Multiplex operator PVR Ltd said it has revised the terms of its deal with DT Cinemas following an objection by Competition Commission of India. The company has amended the agreement with DLF Utilities to lower the deal value to ₹433 crore from ₹500 crore to complete the deal.

PVR had undertaken this following an objection by fair trade watchdog which had allowed PVR to acquire the DLF group’s multiplex arm provided it fulfils certain conditions.

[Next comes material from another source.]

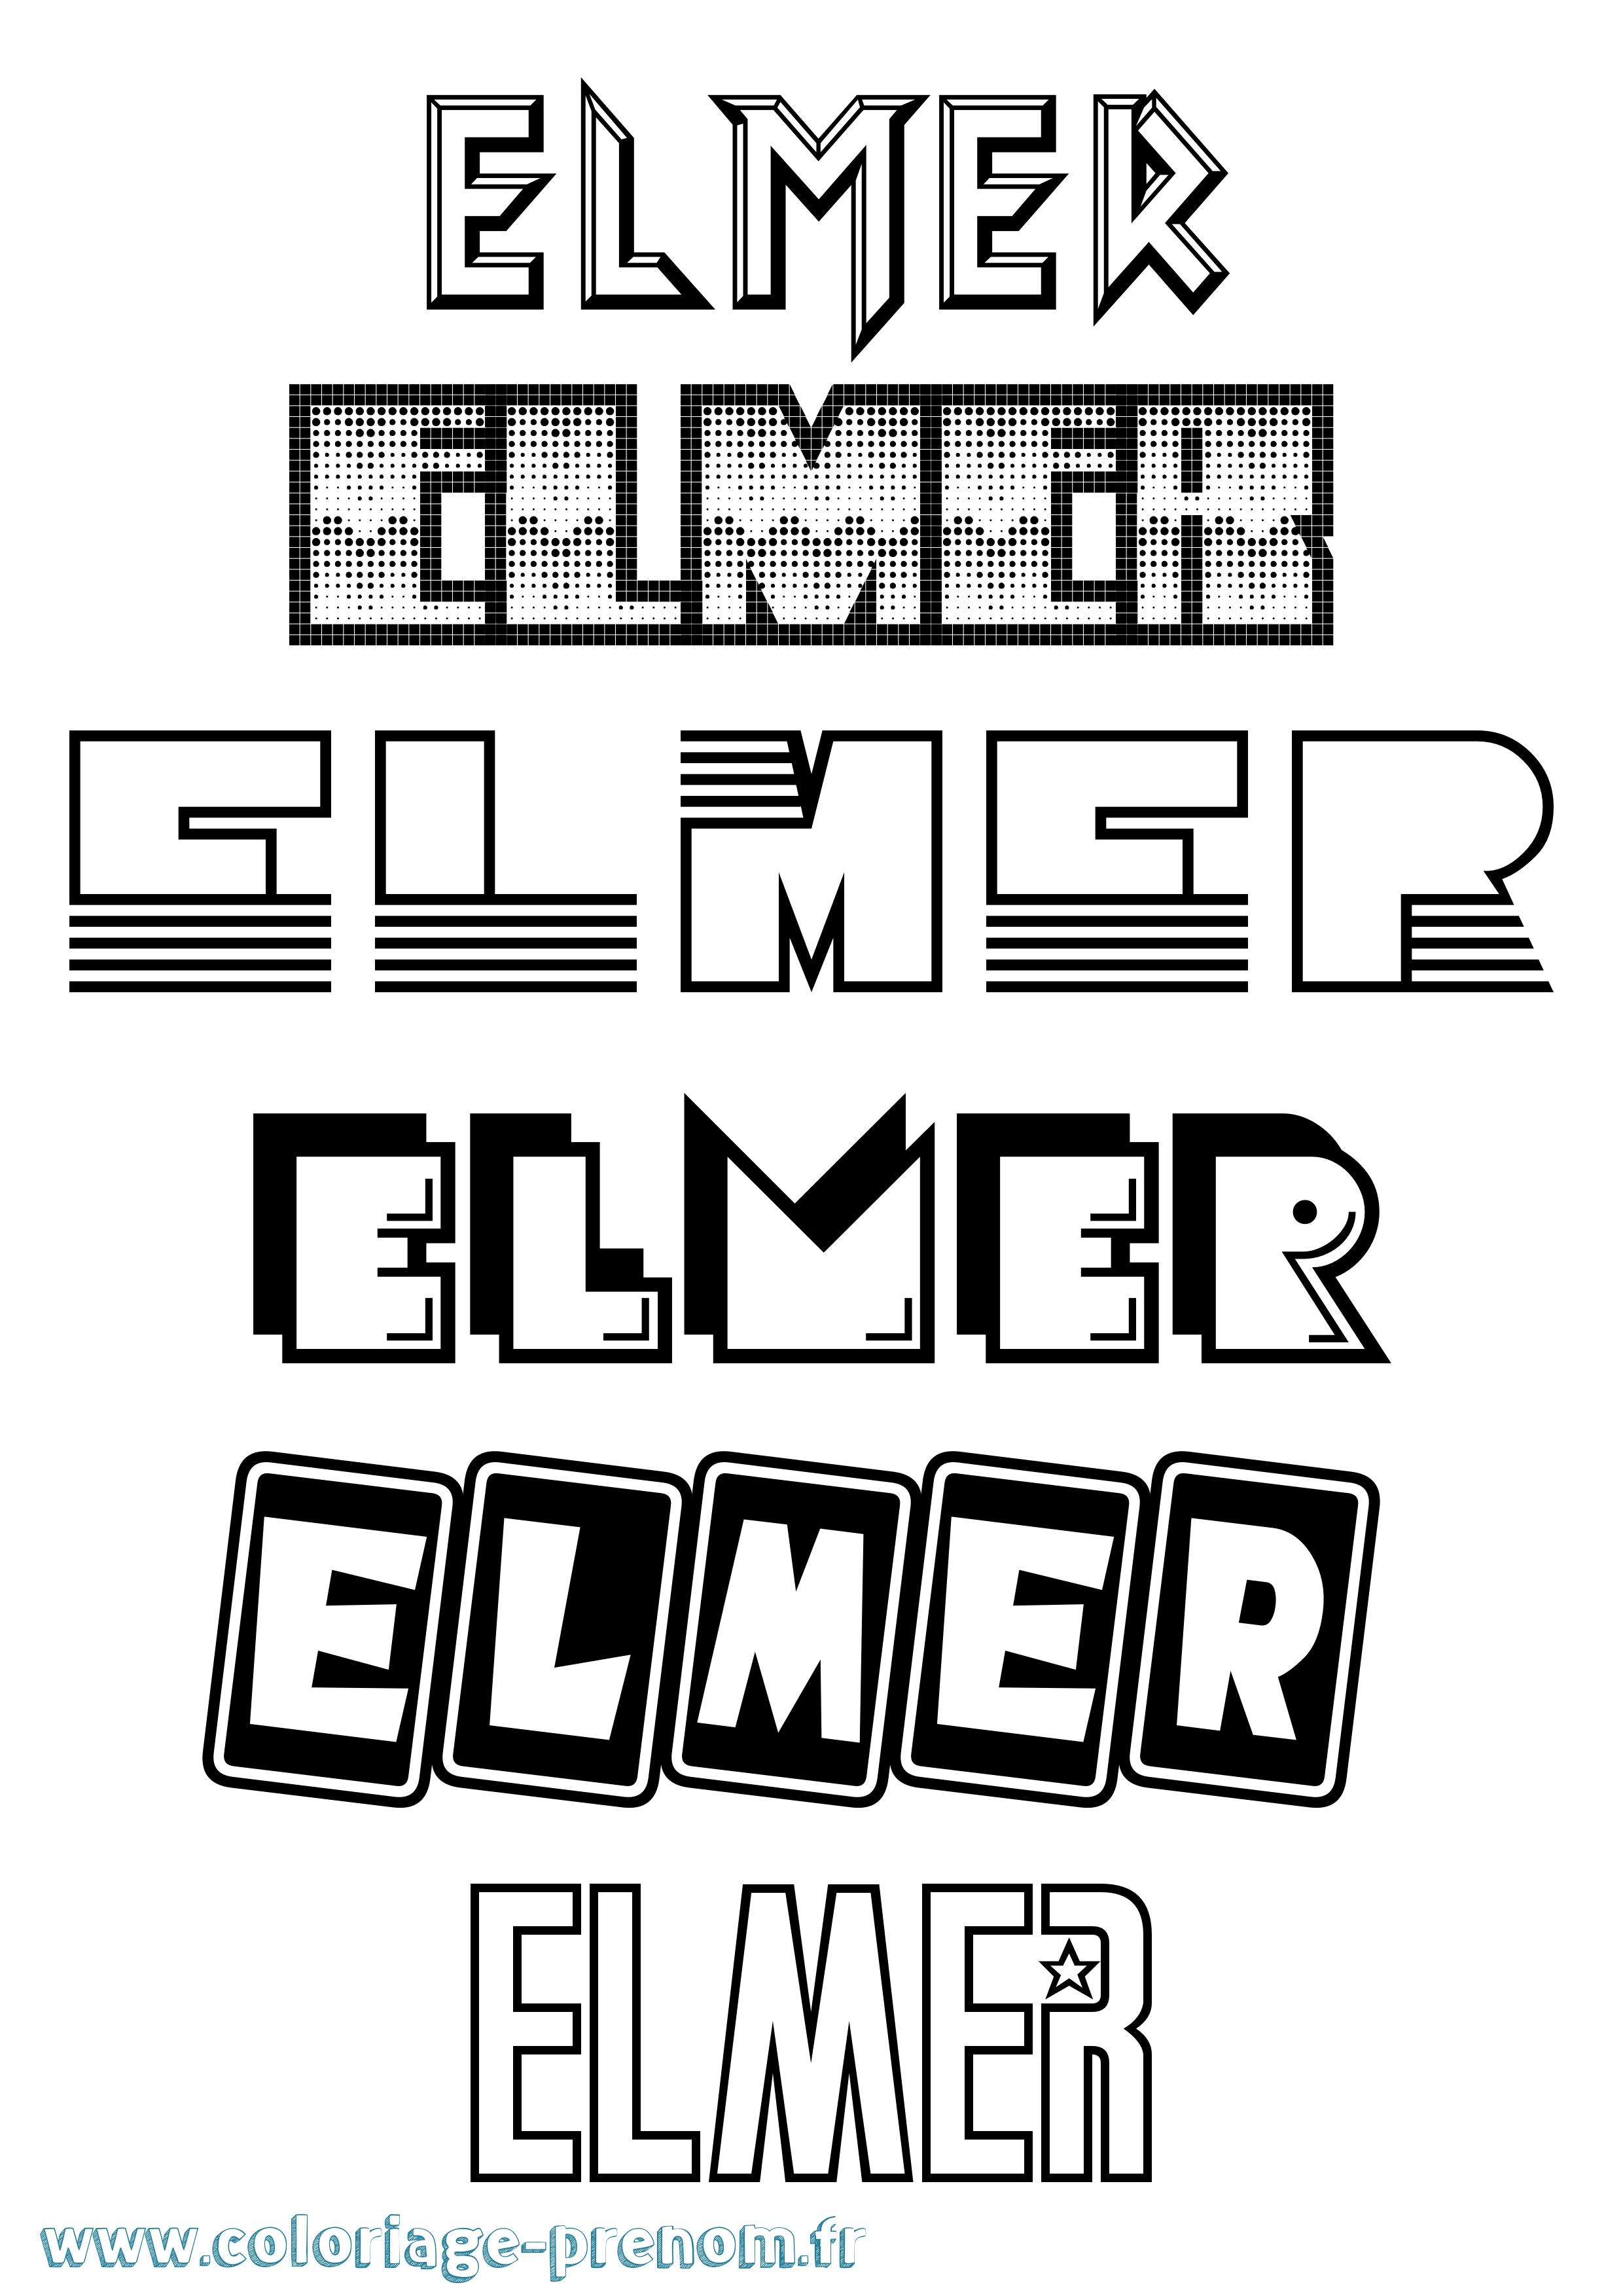 Coloriage du prénom Elmer : à Imprimer ou Télécharger facilement

CCI had said the deal would put PVR in a position of monopoly. DT Cinemas owns and operates 39 screens in Delhi-NCR. However, CCI in its rider said that the PVR can acquire only 32 screens as obtaining all the screens would make it a dominant player in Delhi-NCR.

The amended agreement now excludes DT Savitri (one screen) and DT Saket (six screens) from the sale. PVR now proposes to acquire 32 screens of DT Cinemas in NCR and Chandigarh.

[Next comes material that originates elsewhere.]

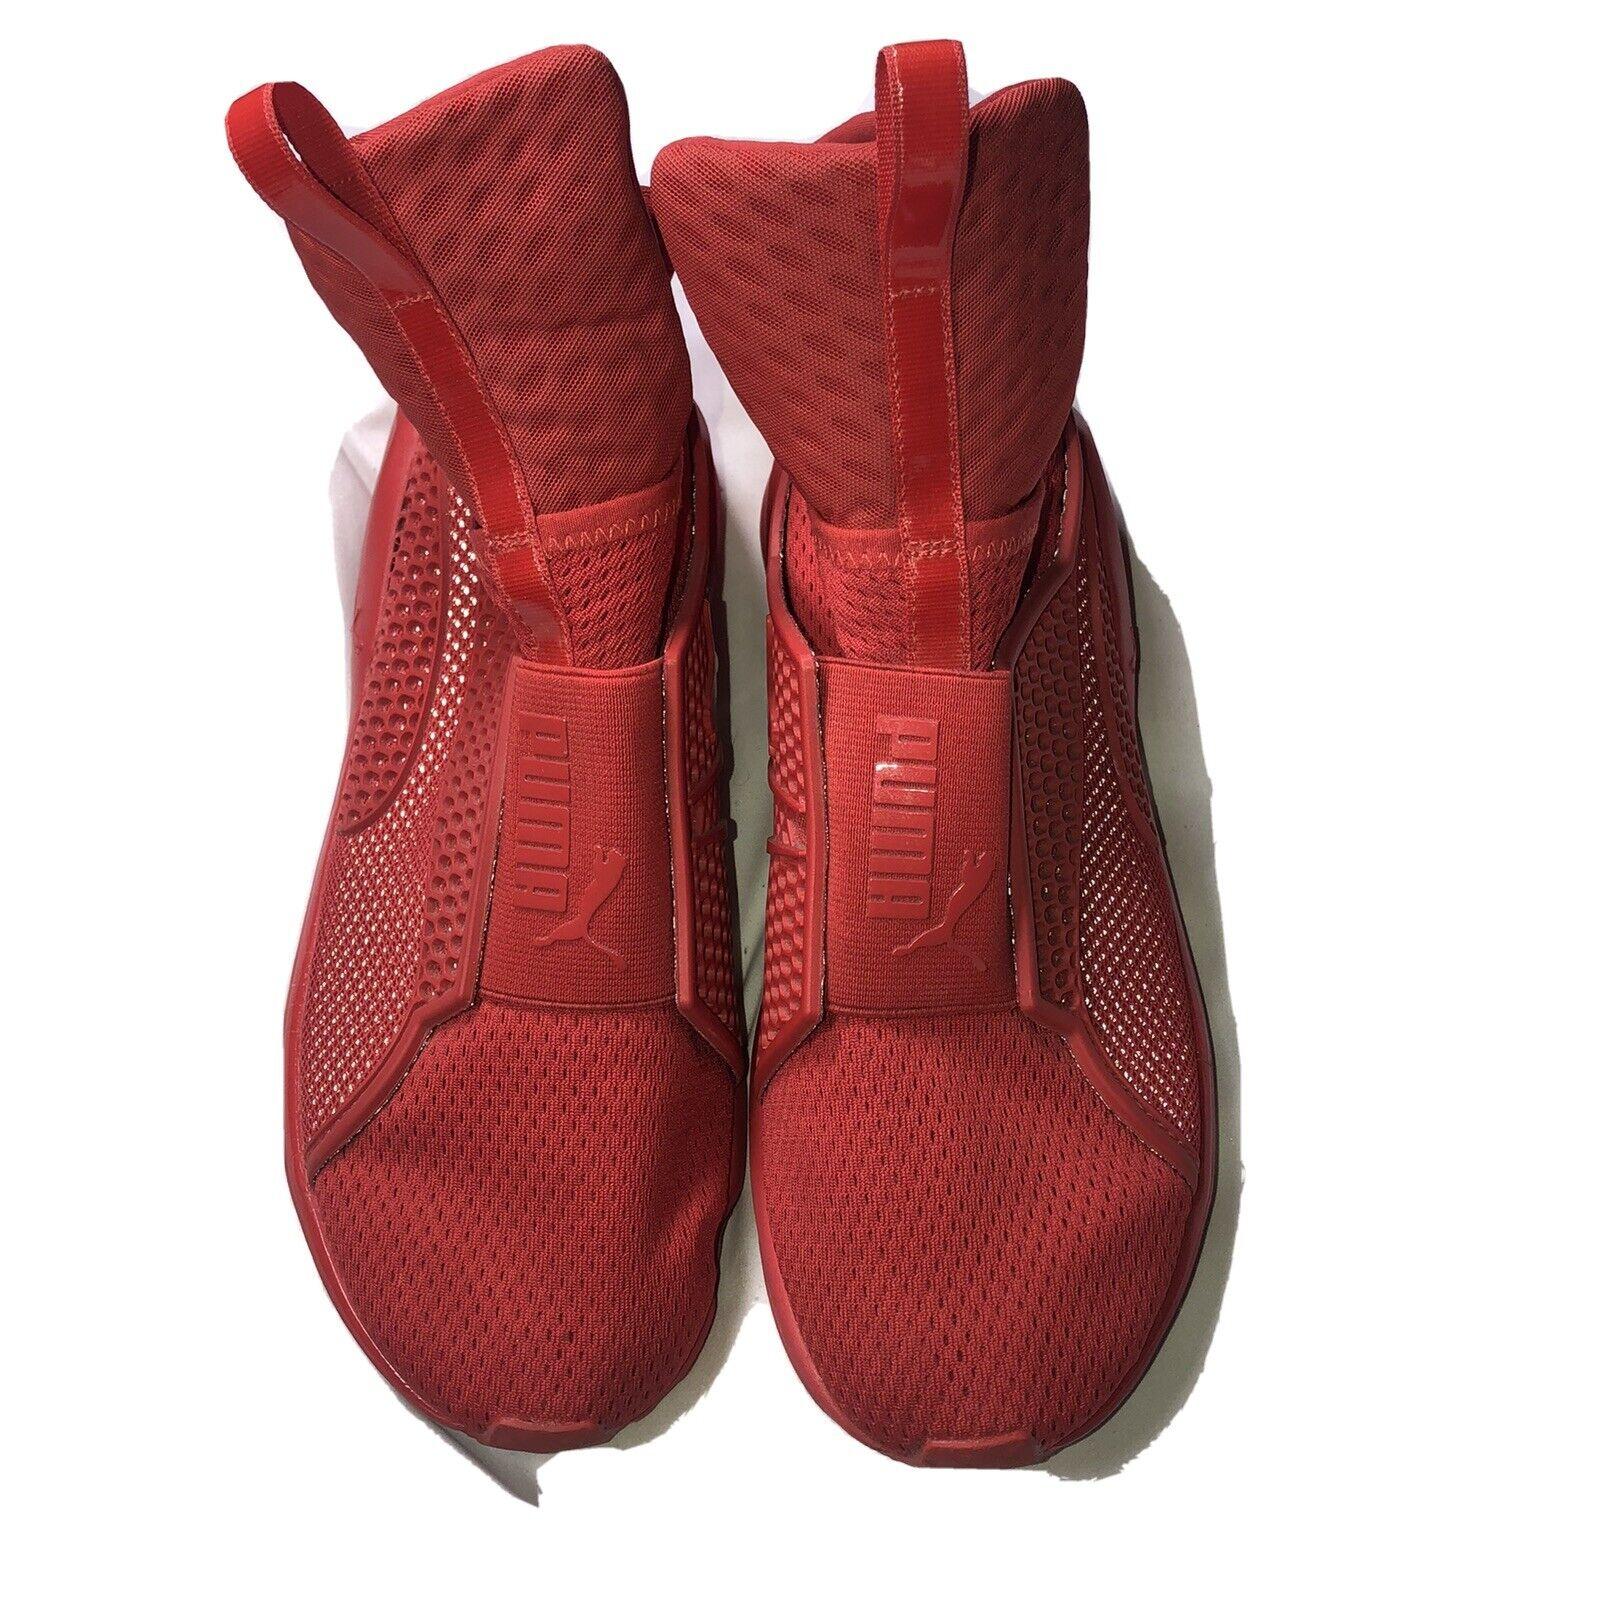 Puma féroce Core Matelassé formation dentelle-moins Baskets Fenty Streetwear Taille 8.5

In June, PVR had announced the acquisition of DT Cinemas for ₹500 crore.

As part of the deal, DT Cinemas has been asked by the CCI to sell the other seven screens in South Delhi to any competitor other than PVR.

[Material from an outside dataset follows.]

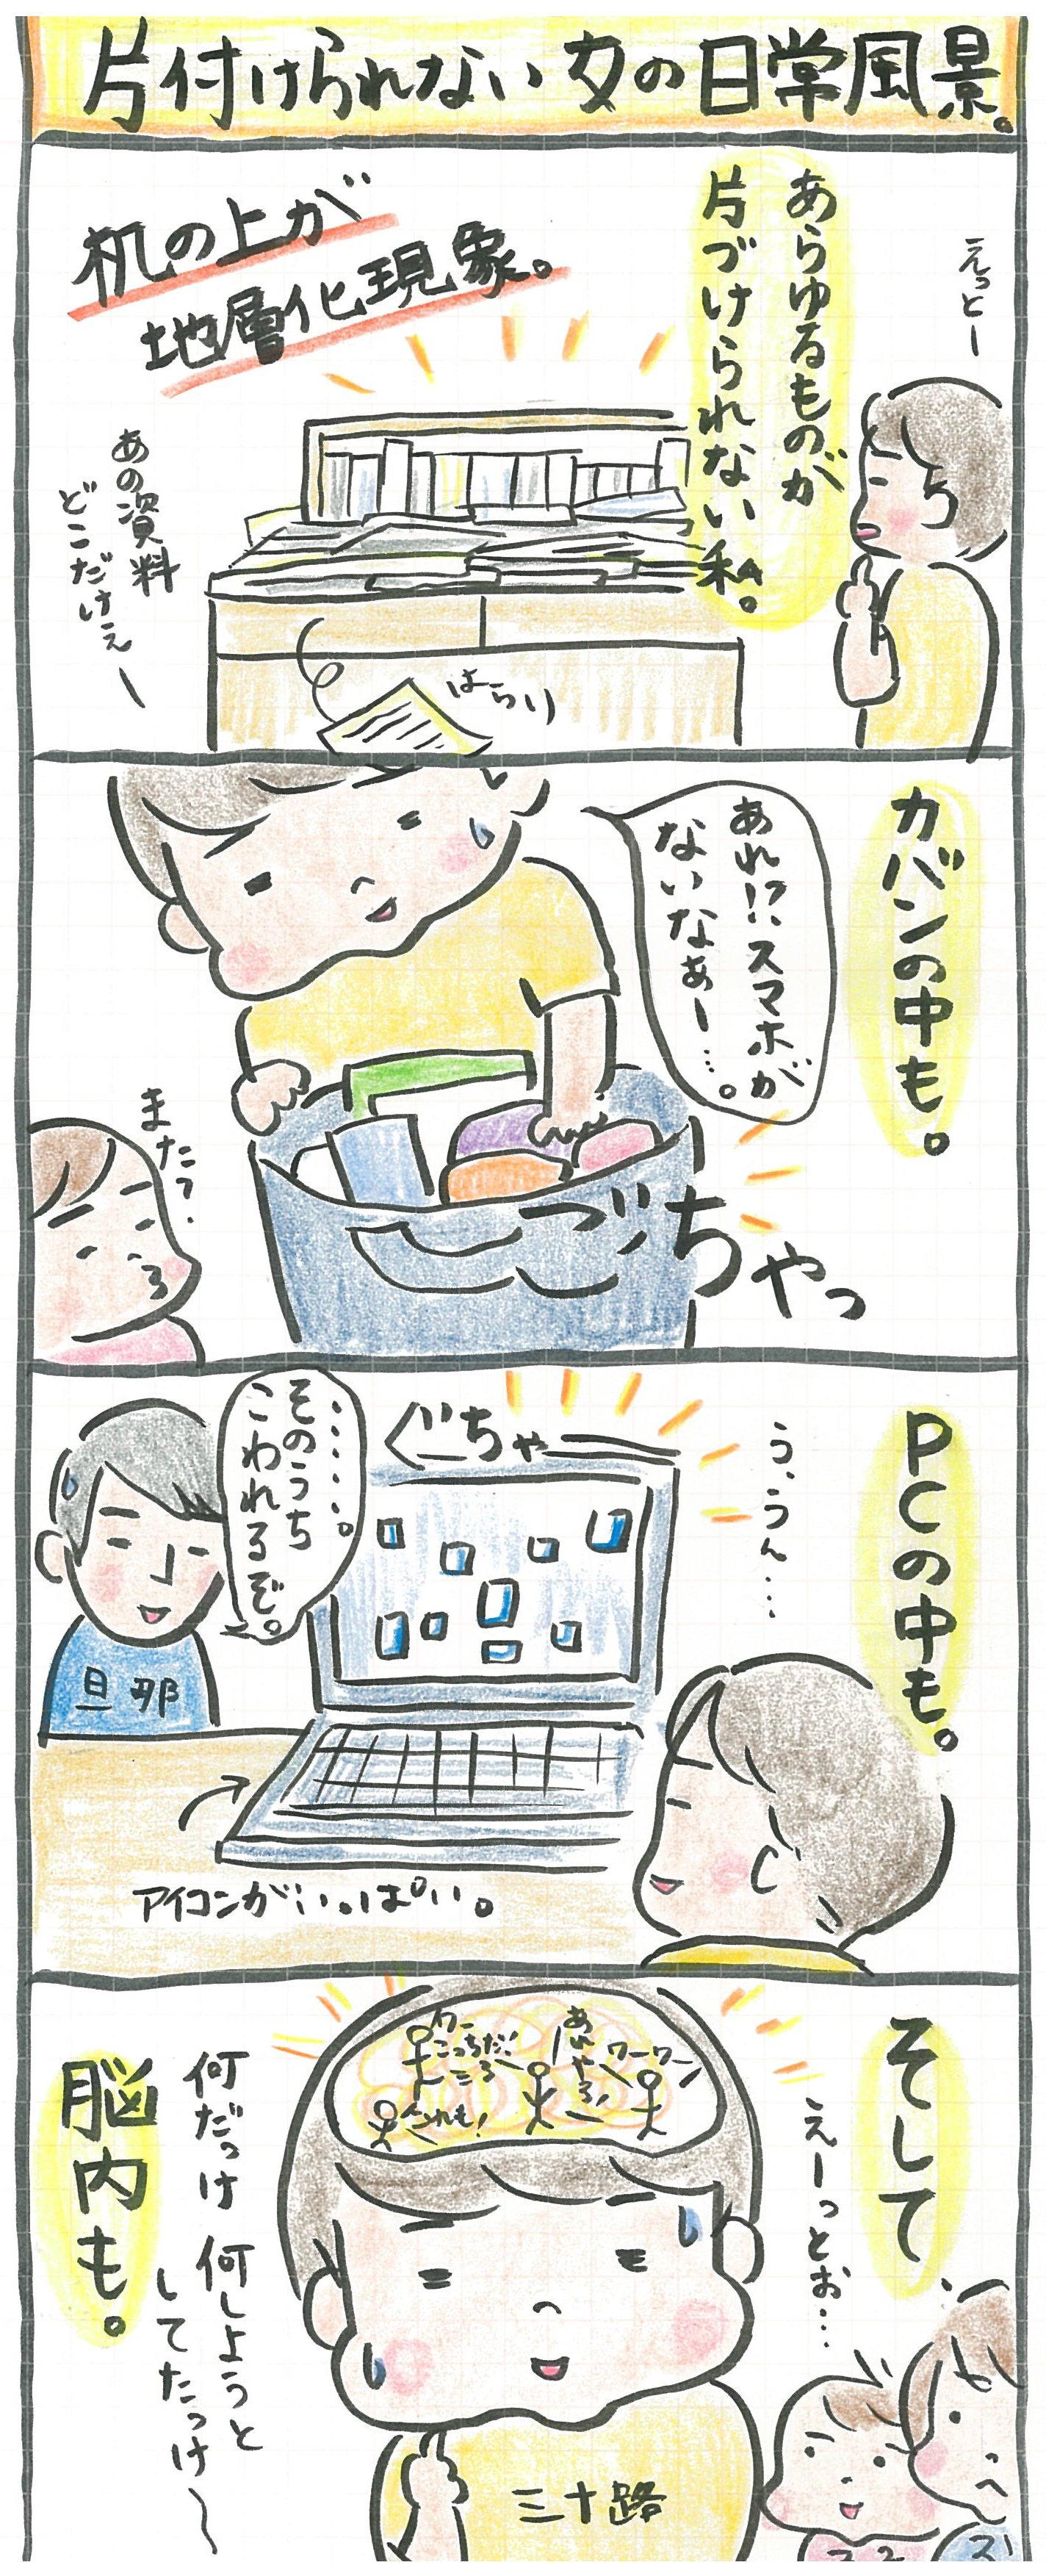 大人の発達障害ADHD雨野千晴漫画マンガ

Currently, PVR has 524 screens across 114 locations in 47 cities. As a result of the proposed acquisition, PVR will have 121 multiplexes and 553 screens.

Commenting on the deal Ajay Bijli, CMD, PVR, Said: “It is another milestone for us. This acquisition is in pursuance of our core strategy to offer a world class cinema experience to the discerning Indian consumer.”